The previous high of 179.90p was recorded on March 23rd 2022 – the day of the Spring Statement from Sunak.

In recent weeks, the UK government has tried to move away from its reliance on importing Russian oil, following President Putin’s invasion of Ukraine.

Worryingly for drivers of petrol cars, the price per litre is fast approaching the record levels of 167.3p per litre set on March 22nd.

This latest price rise adds another challenge to UK households, as the cost of living crisis continues to impact families across the country.

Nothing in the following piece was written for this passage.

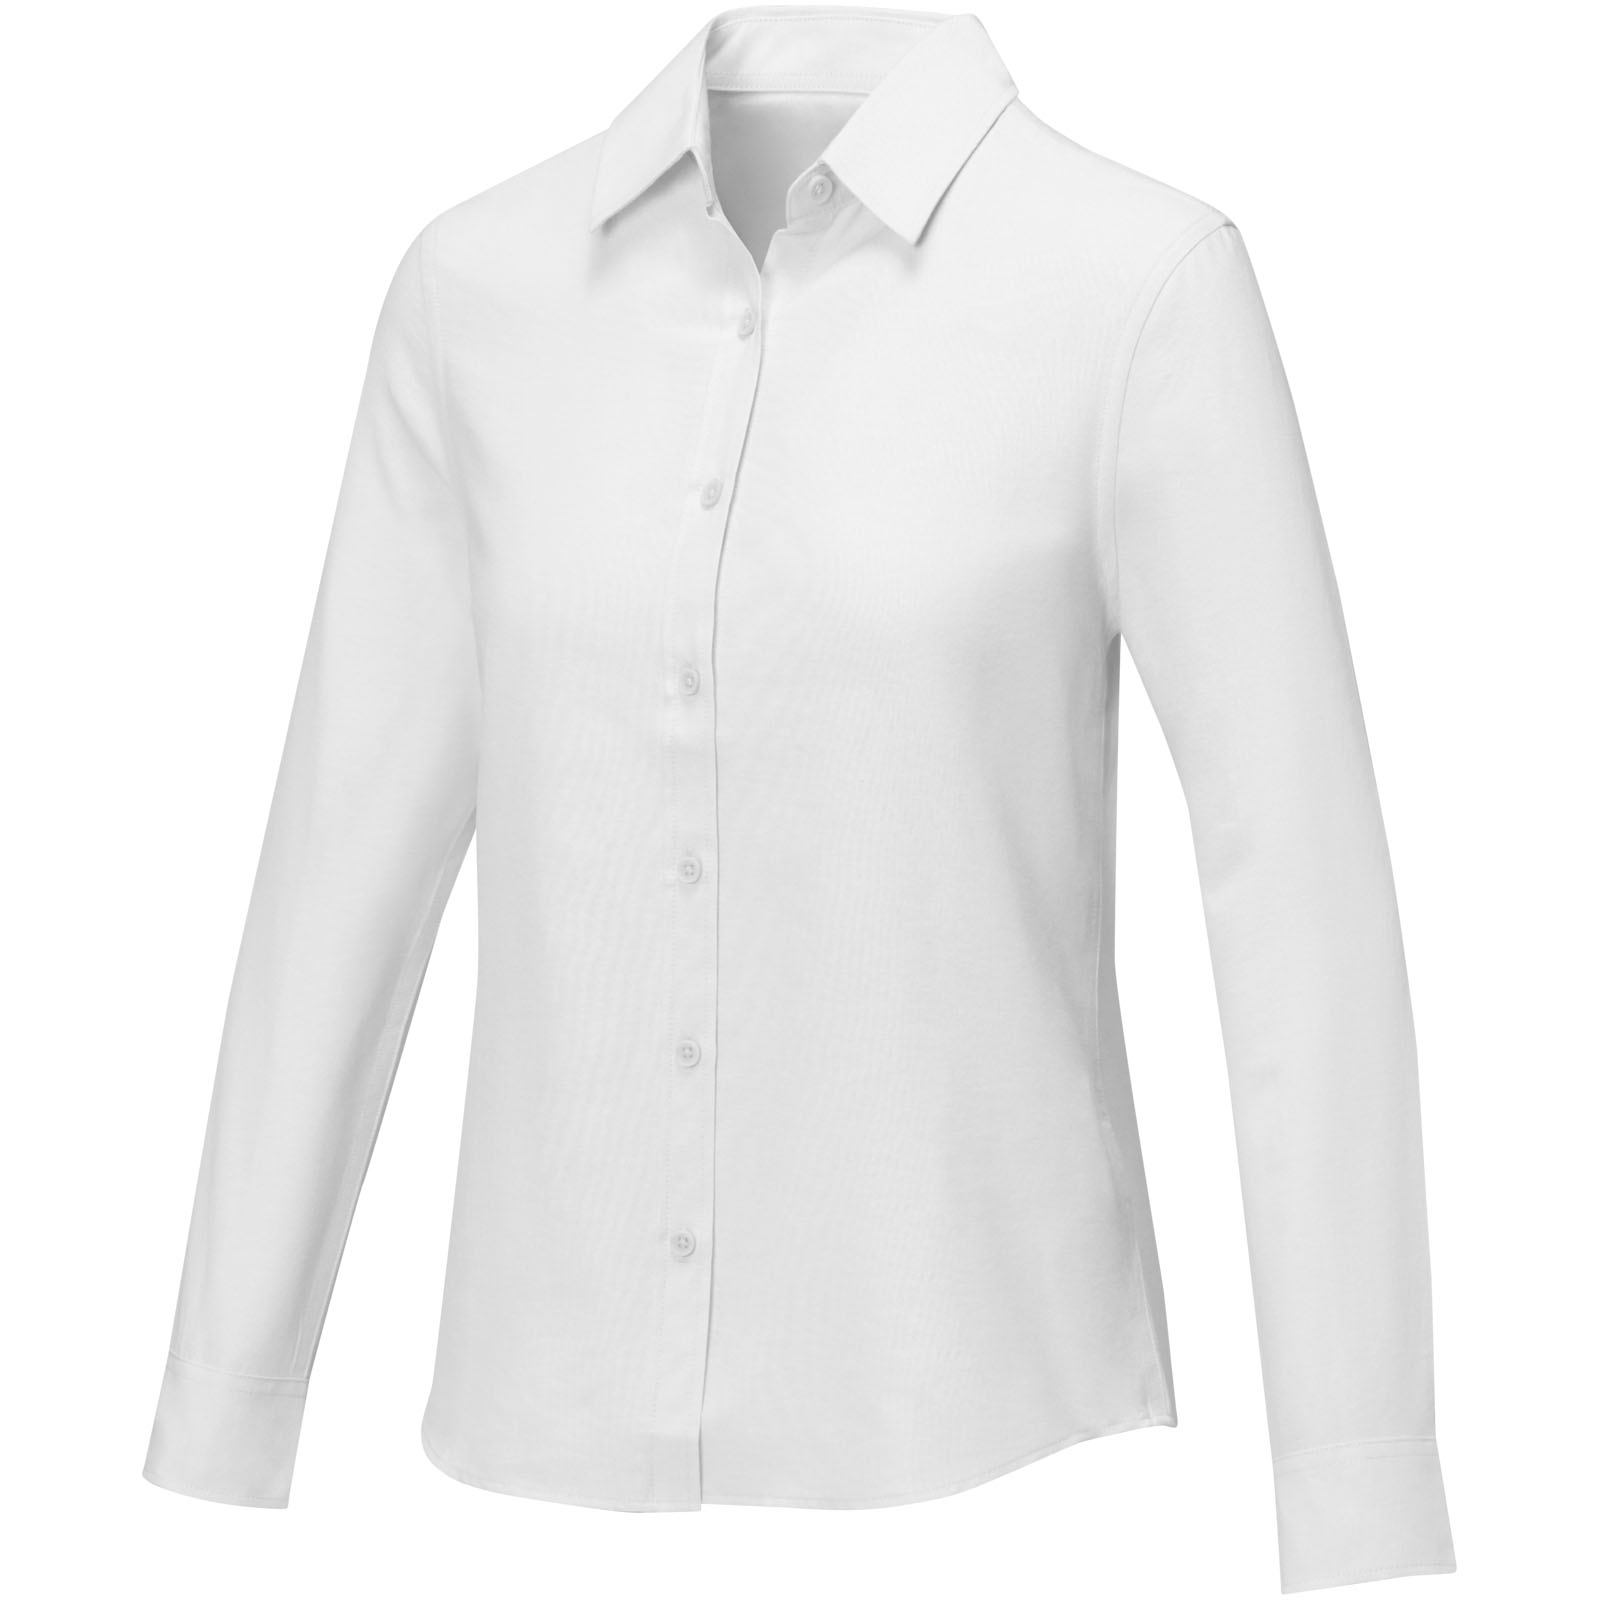 Clothing - Pollux long sleeve women's shirt

RAC fuel spokesperson Simon Williams said: “Sadly, despite the Chancellor’s 5p a litre duty cut the average price of a litre of diesel has hit a new record high at 180.29p.”

“Efforts to move away from importing Russian diesel have led to a tightening of supply and pushed up the price retailers pay for diesel.”

“While the wholesale price has eased in the last few days this is likely to be temporary, especially if the EU agrees to ban imports of Russian oil.”

“Unfortunately, drivers with diesel vehicles need to brace themselves for yet more pain at the pumps. Had Mr Sunak reduced VAT to 15% as we call on him to do instead of cutting duty by 5p, drivers of diesel vehicles would be around 2p a litre better off, or £1 for every full tank.”

“As it is, drivers are still paying 27p VAT on petrol and 29p on diesel, which is just the same as before the Spring Statement.”

“The average price of petrol is also on the rise having gone up nearly 3p a litre since the start of the month to 166.65p which means it’s less than a penny away from the all-time high of 167.30p set on 22 March.”